Villasenor calls the suggestion that companies get assistance from the NSA “alarming,” and trying to avoid the constraints of humanitarian law “disturbing.”

“Legal and ethical frameworks exist because they aim to ensure behavior befitting a civil society,” he says. “Approaches that aim to avoid such frameworks, are, by their very definition, unethical — and not at all ‘virtuous.'”

Lin’s responds that those are “all good questions,” but he doesn’t think they destroy his argument. Attribution, he contends, “might be an overblown issue. We can attribute some attacks to China. Yet the U.S. is unwilling to launch counterstrikes against China, since there are greater political and economic interests at stake.”
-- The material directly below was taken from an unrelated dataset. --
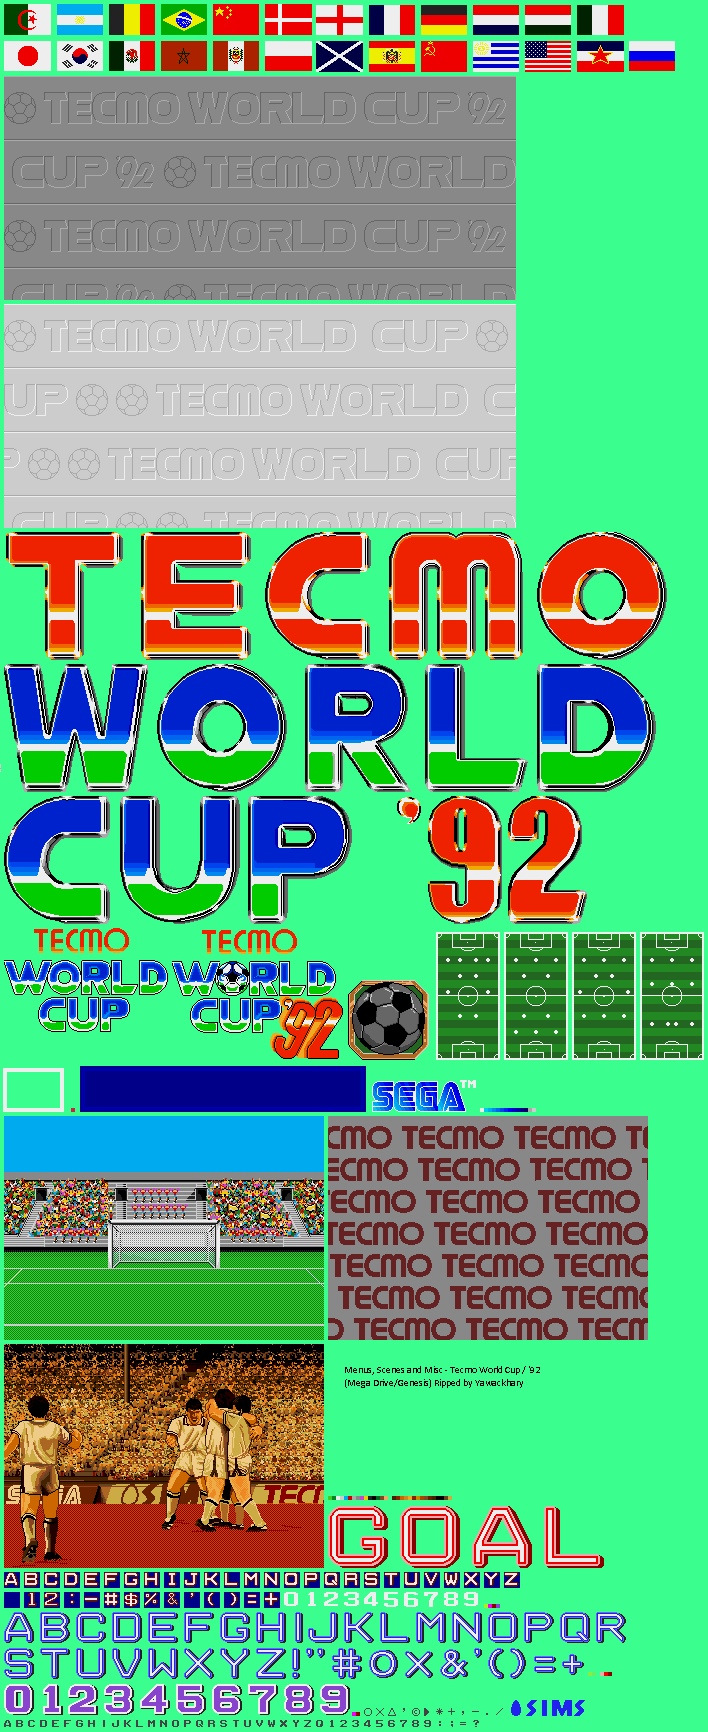 Tecmo World Cup / Tecmo World Cup '92 - Menus, Scenes and Miscellaneous

Regarding innocent parties being harmed, Lin notes that “most cyberattacks are launched by botnets, [so] it’s an open question of whether these computers are really innocent. While their owners may lack the intent to have their computers used in a botnet attack, in most cases they seem to be negligent in failing to prevent their computers from being hijacked, and this makes them at least partially responsible for the attack.”

And while he agrees with Sabett that few corporations could effectively counter cyberattacks, he says, “they could form industry consortiums or cooperatives that collectively can mount a good defense.”

All three agree on one thing: this problem is not going away. Sabett says rather than try to adapt humanitarian law to cyberspace, it would be better to adapt the Law of Armed Conflict, which he says is now being done. “A cyber version is being written, and with a cyber equivalent to [the law], we wouldn’t have to worry about constraints on government.”

Lin says: “Ideally, we’d have a national policy in place that deters attacks and provides for an effective response. But we don’t. For that to happen, we need to work harder to solve the difficult moral and legal issues involved, as well as reach some international agreements in this area.

“So ‘Stand Your Cyberground’ is meant to be an interim solution,” he says.